7 years, 10 months ago.

The first obvious speed up would be changing the h_index and v_index calculations from using doubles to using integers. You know your scale factor is going to be 8, replacing a double precision divide with a shift 3 bits to the left is a lot faster, (1 clock Vs 400 clocks). You're doing that twice per pixel in the new image so this is a big saving.

If that's not enough then you can make some structural changes. You are currently calculating the value for each pixel in the new image. Since you know that 64 pixels will have the same value you don't need to work out the value 63 of those times.

You could nest a couple of for loops to write the whole block of 64 values but it's probably more efficient to calculate full line in the image and then duplicate that line 7 times.
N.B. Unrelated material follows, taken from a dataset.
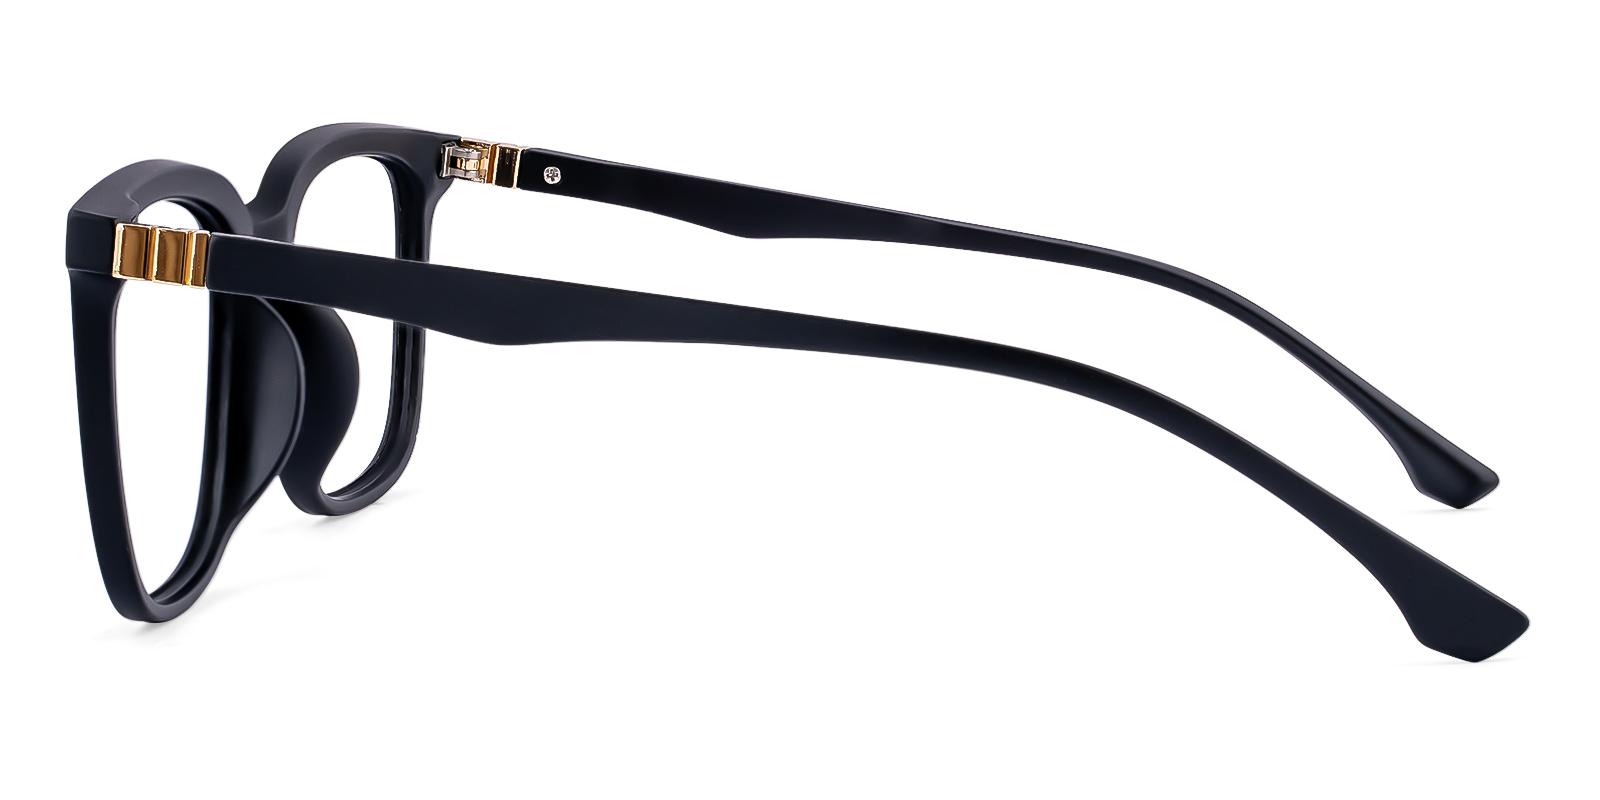 Tachile Matte-black Plastic Eyeglasses , UniversalBridgeFit Frames from ABBE Glasses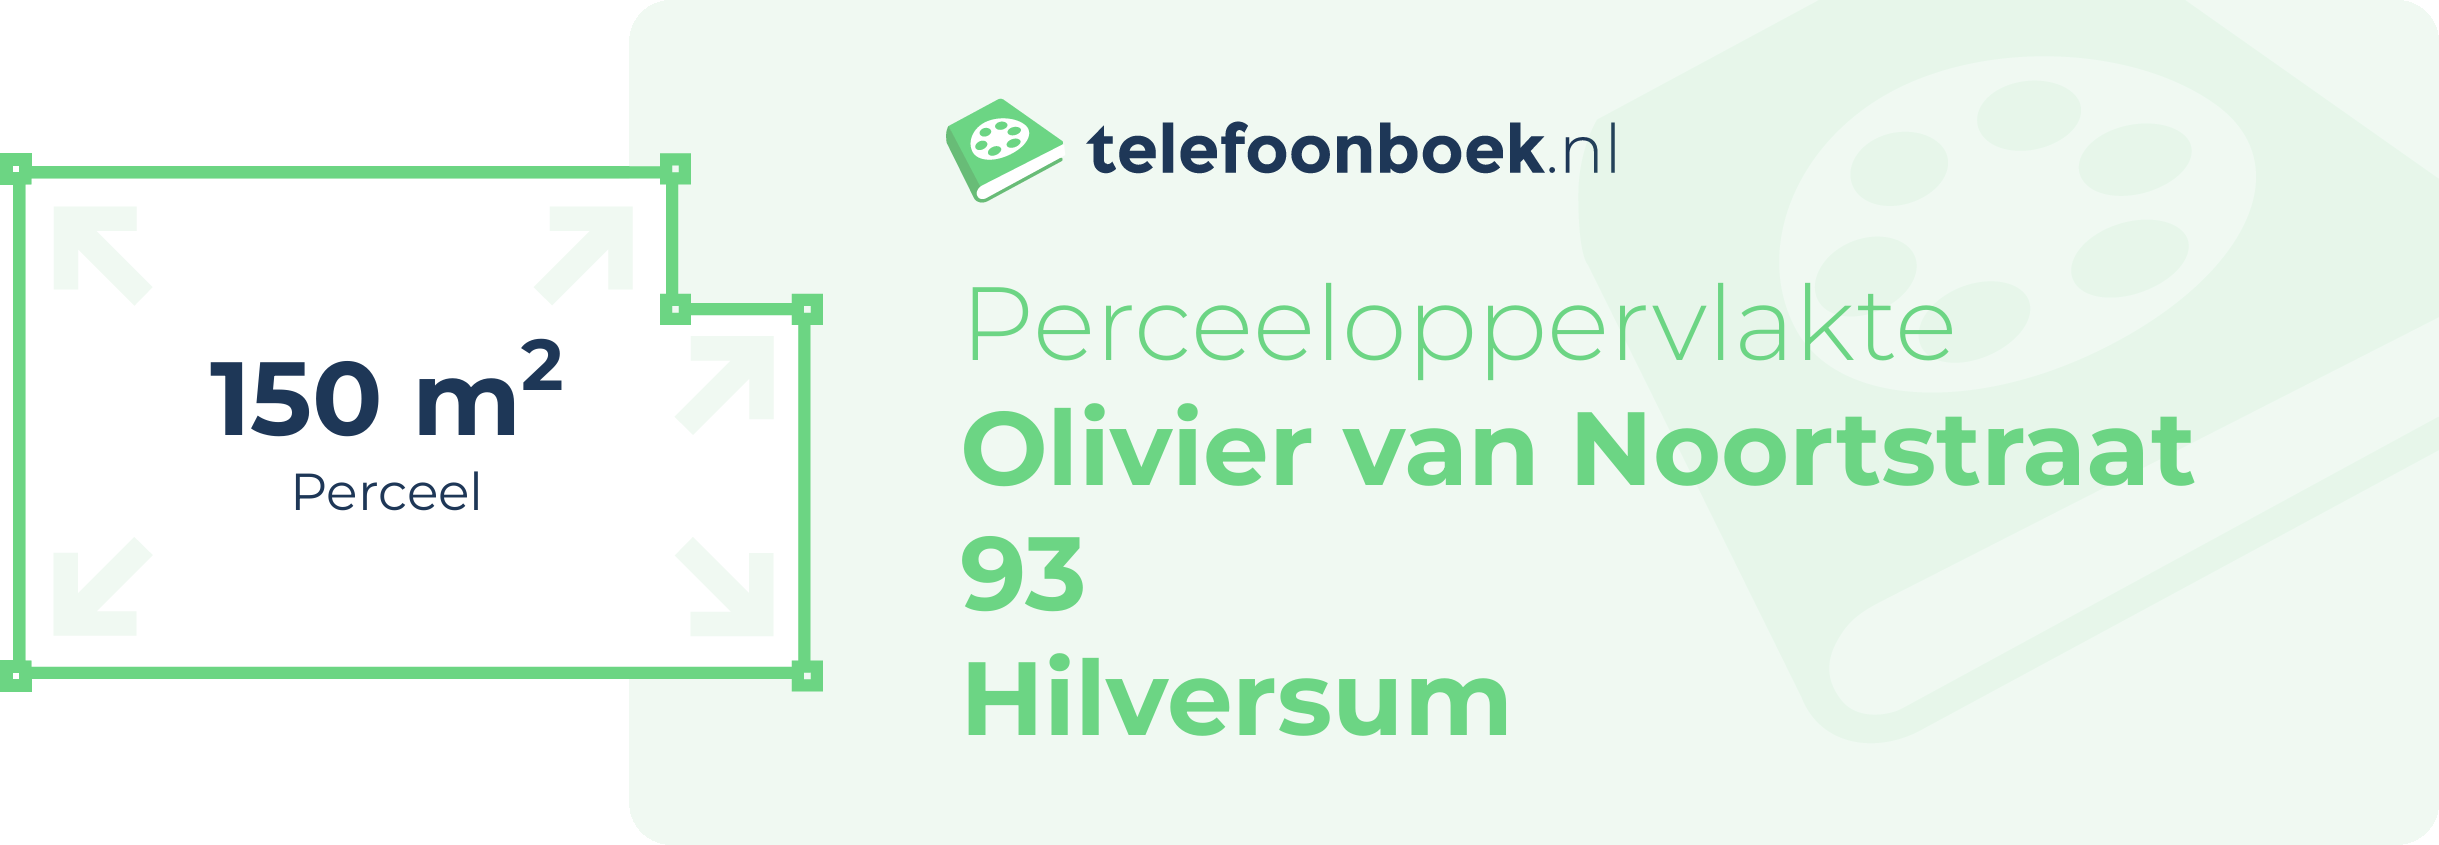 Perceeloppervlakte Olivier Van Noortstraat 93 Hilversum

for(cy = 0; cy < srcHeight; cy++)
    {
        int lineStart = cy*8*destWidth;
        for(cx = 0; cx < srcWidth; cx++)
        {
            int newPixel=lineStart+cx*8;
            int oldPixel= cy*srcWidth*3+cx*3;
            uint32_t newValue = (0xFF << 24) | (data[oldPixel] << 16) | (data[oldPixel+1] << 8) | data[oldPixel+2];

            for (int i=0;i<8;i++) { // create pixels of the same value
               newData[newPixel+i] == newValue;
            }
        }
        for (int i=1;i<8;i++) // next 7 rows are the same so do a block copy of the row.
          memcpy(newData+lineStart + i*destWidth,newData+lineStart ,destWidth*sizeof(uint32_t));
    }